Фактически присоединившись к большевикам, Троцкий отдавал себе отчет о сущности большевизма, о характере Ленина как политического деятеля. А. А. Иоффе в начале лета 1917 года во время беседы с Троцким возражал против безоговорочного вступления межрайонцев в большевистскую партию. «Лев Давидович! Они же политические бандиты!» — воскликнул Иоффе. «Да, я знаю, — ответил Троцкий, — но большевики сейчас единственная реальная политическая сила».[433] Л. Д. Троцкий был избран съездом в состав Всероссийского центрального исполнительного комитета (ВЦИК).[434]
В начале июля 1917 года в Петрограде возникли волнения, стоявшие на грани бунта. Распропагандированные большевиками солдаты пулеметного полка заполнили улицы. Перед ними накануне самого выступления, 2 июля, выступил Троцкий, и можно полагать, что его речь отчасти спровоцировала пулеметчиков. К ним присоединились моряки Кронштадта.
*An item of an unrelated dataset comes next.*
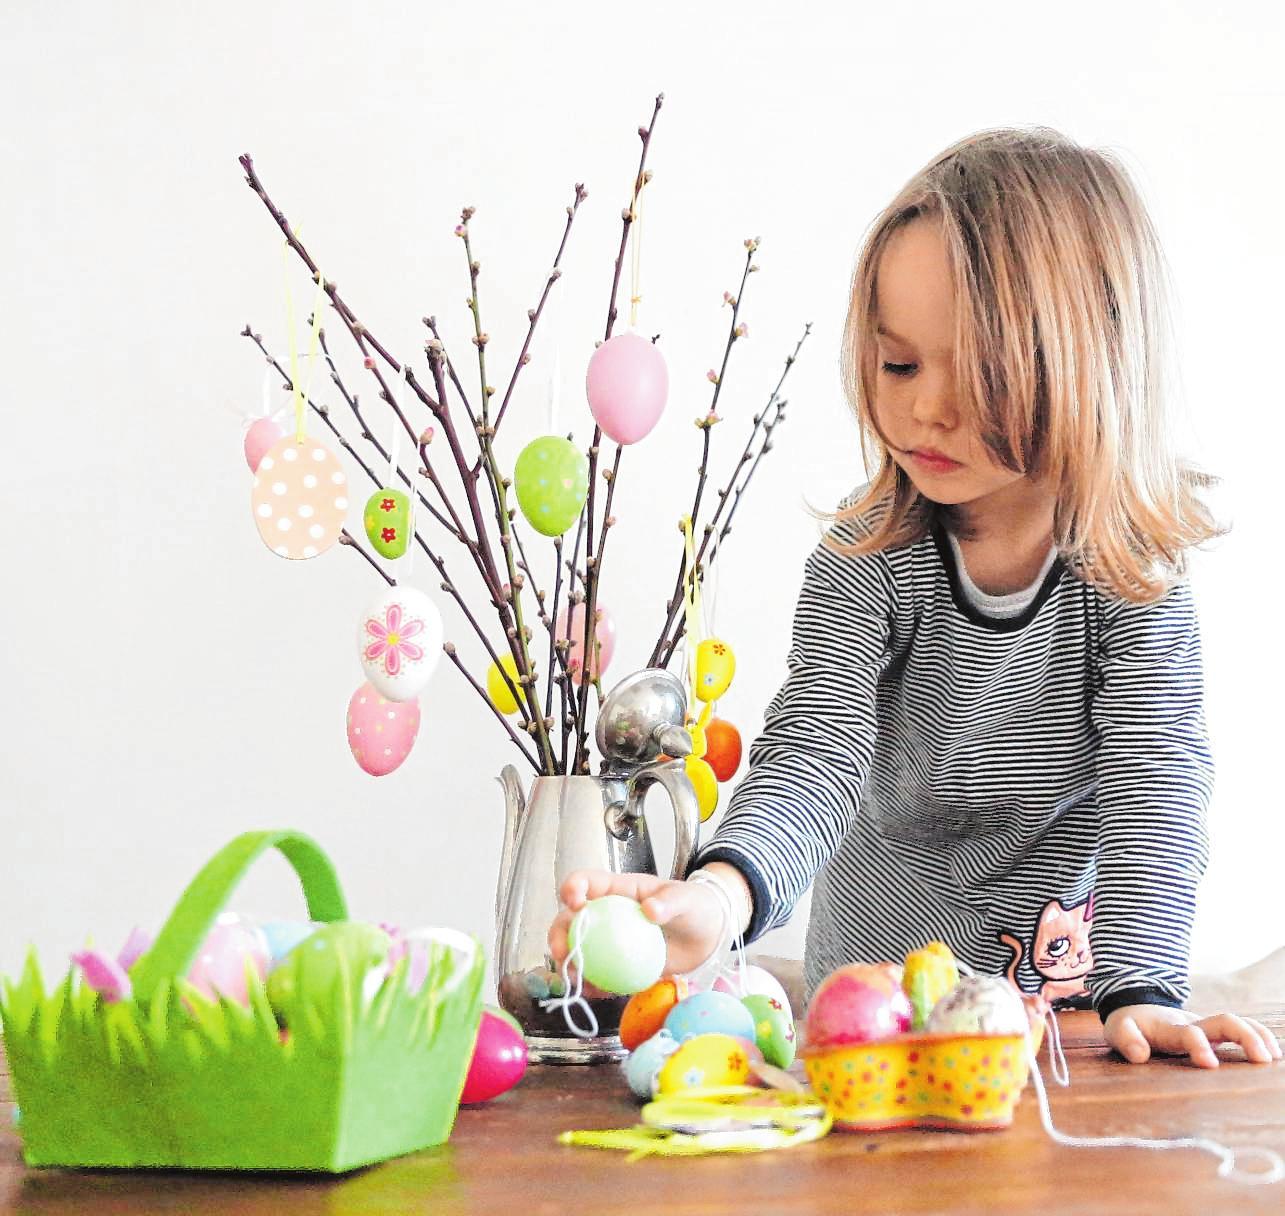 Rund um Ostern gibt es viele Möglichkeiten, mit den Kindern tolle Dekoration zu basteln, die sich ideal auf dem Festtagstisch macht. Bild:Mascha Brichta/dpa-tmn

Третьего июля солдаты-пулеметчики и моряки осадили Таврический дворец, где заседал Совет. Определенных требований они не выдвигали, повторяли лозунг «Вся власть Советам!», но находились в лихорадочном состоянии после шествия по городу, сопровождавшегося хулиганскими действиями, выстрелами по окнам и грабежами. Несколько членов Совета вышли к бунтовщикам, чтобы их успокоить. Троцкий произнес речь, в которой заявил кронштадтцам: «Вы — цвет и слава революции!»
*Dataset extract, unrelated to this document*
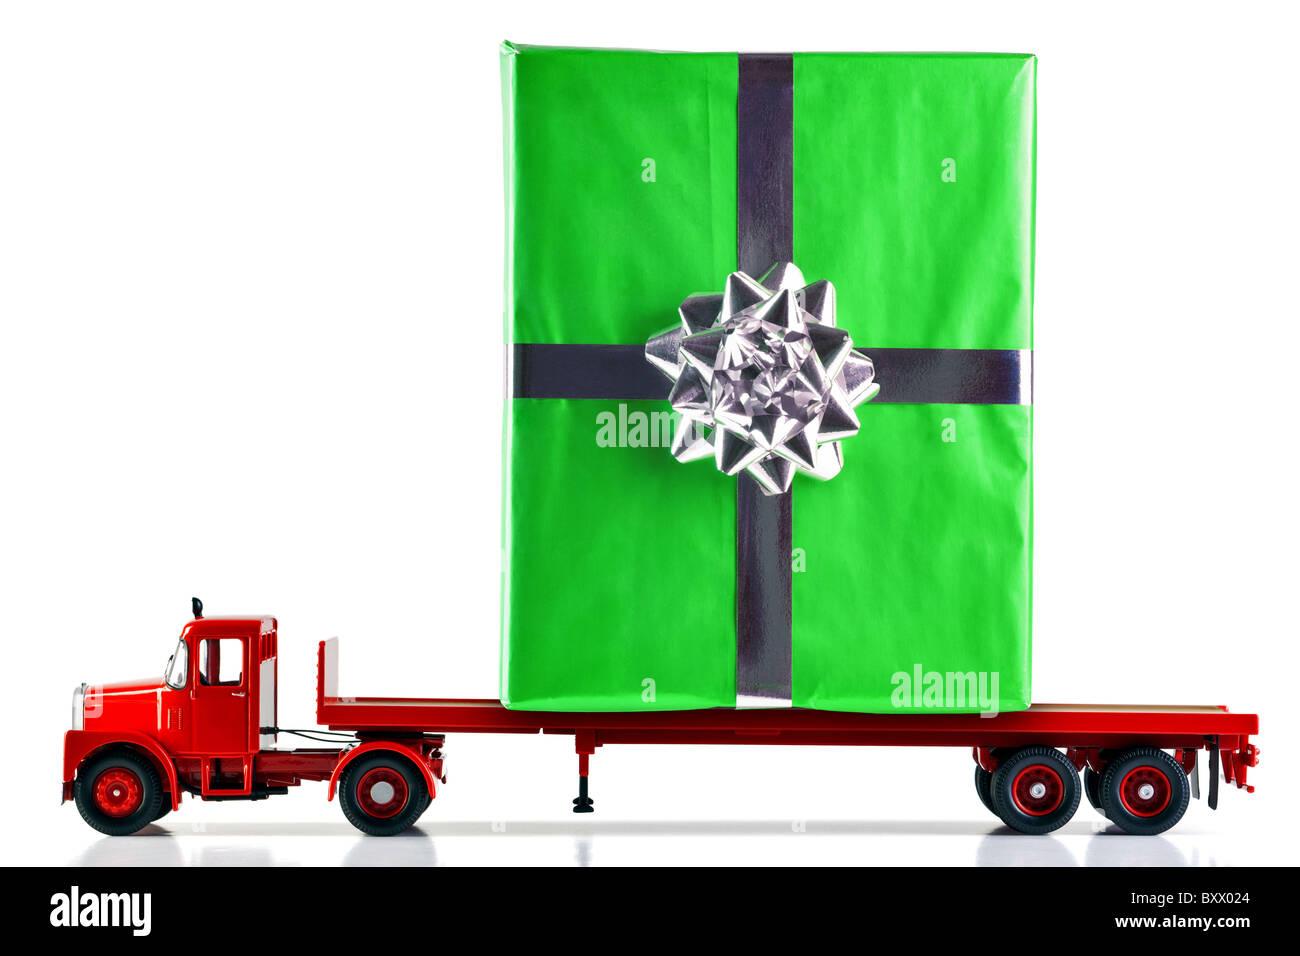 A gift wrapped present livré sur un plateau camion. Isolé sur un fond blanc. Camion est un modèle. Photo Stock

Во время его выступления группа матросов окружила вышедшего вместе с Троцким лидера эсеров министра земледелия В. М. Чернова и пыталась затолкать его в автомобиль, чтобы увезти в неизвестном направлении, заявив, что Чернов «будет заложником». Троцкий проявил самообладание. Он обратился к толпе с вопросом: «Не правда ли, я не ошибаюсь, здесь нет никого, кто был бы за насилие? Кто за насилие, поднимите руки». Ни одна рука не поднялась, и матросы с недовольным видом отошли от машины. Троцкий сказал: «Вам, гражданин Чернов, никто не препятствует свободно вернуться назад, это было недоразумение».[435] Эпизод был немаловажным.
Лидер крупнейшей партии испытал чувство унижения, а Троцкий сыграл роль благородного и снисходительного спасителя, сохранившего присутствие духа, проявившего великодушие и обладавшего несравненно ббльшим авторитетом в низах, нежели министр.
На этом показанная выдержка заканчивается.